Женщина пошла в угол дома, вернулась оттуда с большим мешком, развернула его посреди комнаты и начала раскладывать содержимое вокруг себя, словно девочка, готовящаяся к игре «во взрослых»: веера, высокую шапку из перьев, амулеты, острые деревянные палочки, кости, ракушки, опахала разной величины и цвета, баночки с сушеными травами и длинные, причудливой формы коренья; присмотревшись, Штирлиц заметил, что все коренья напоминают людей, замерших в той или иной позе.
Женщина надела на себя высокую шапку из перьев, взяла большое опахало и вышла на улицу. Штирлиц слышал, как она приказала что-то своим низким поющим голосом, — сразу же раздался топот босых ног, — потом произнесла несколько одинаковых, словно заклинание, фраз, и настала тишина.
— Сейчас ей принесут снадобье, — пояснил вождь. — Это сделает ребенок, потому что он чист. Без снадобья она не сможет делать свое дело, а вы — излечиться… Чем вы отблагодарите ее? Она после своего дела два дня лежит без движения, очень устает…

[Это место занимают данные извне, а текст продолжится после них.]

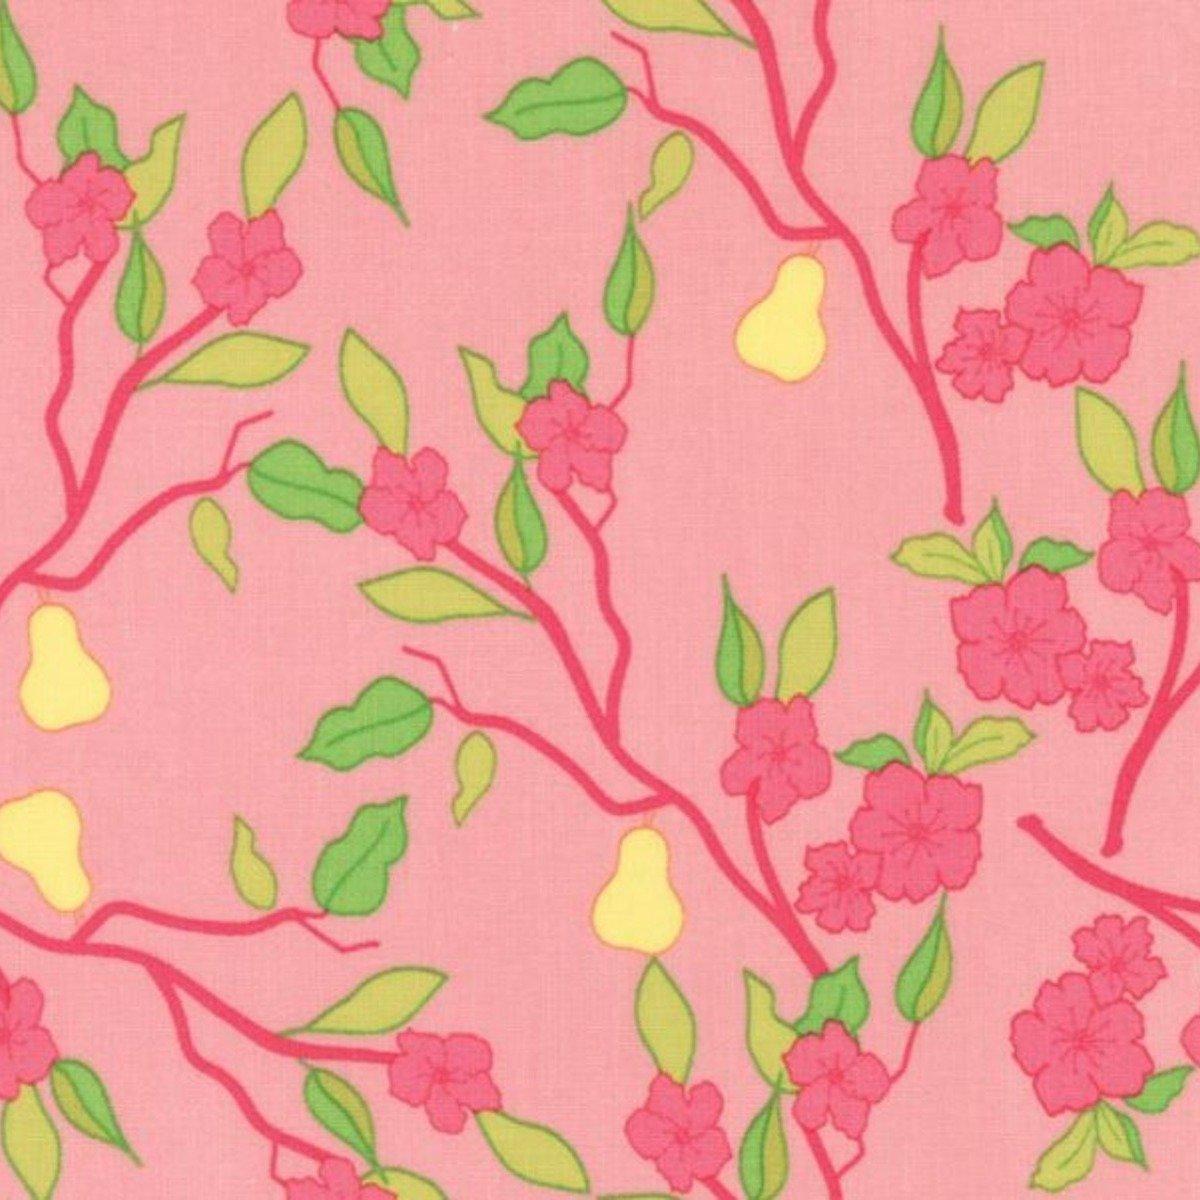 Acreage Pears Blossom 1

— Вот, пожалуйста, — сказал Шиббл, достав из кармана огрызок карандаша, три пуговицы, гильзу и красивую пудреницу.
— О, как красиво, — заметил Квыбырахи, взяв пудреницу. — Что это?
— Магический сосуд для окрашивания лица, — ответил Шиббл.
— А зачем окрашивать лицо? — поинтересовался Квыбырахи. — Перед церемонией обращения к душам отцов с просьбой о ниспослании хорошей охоты?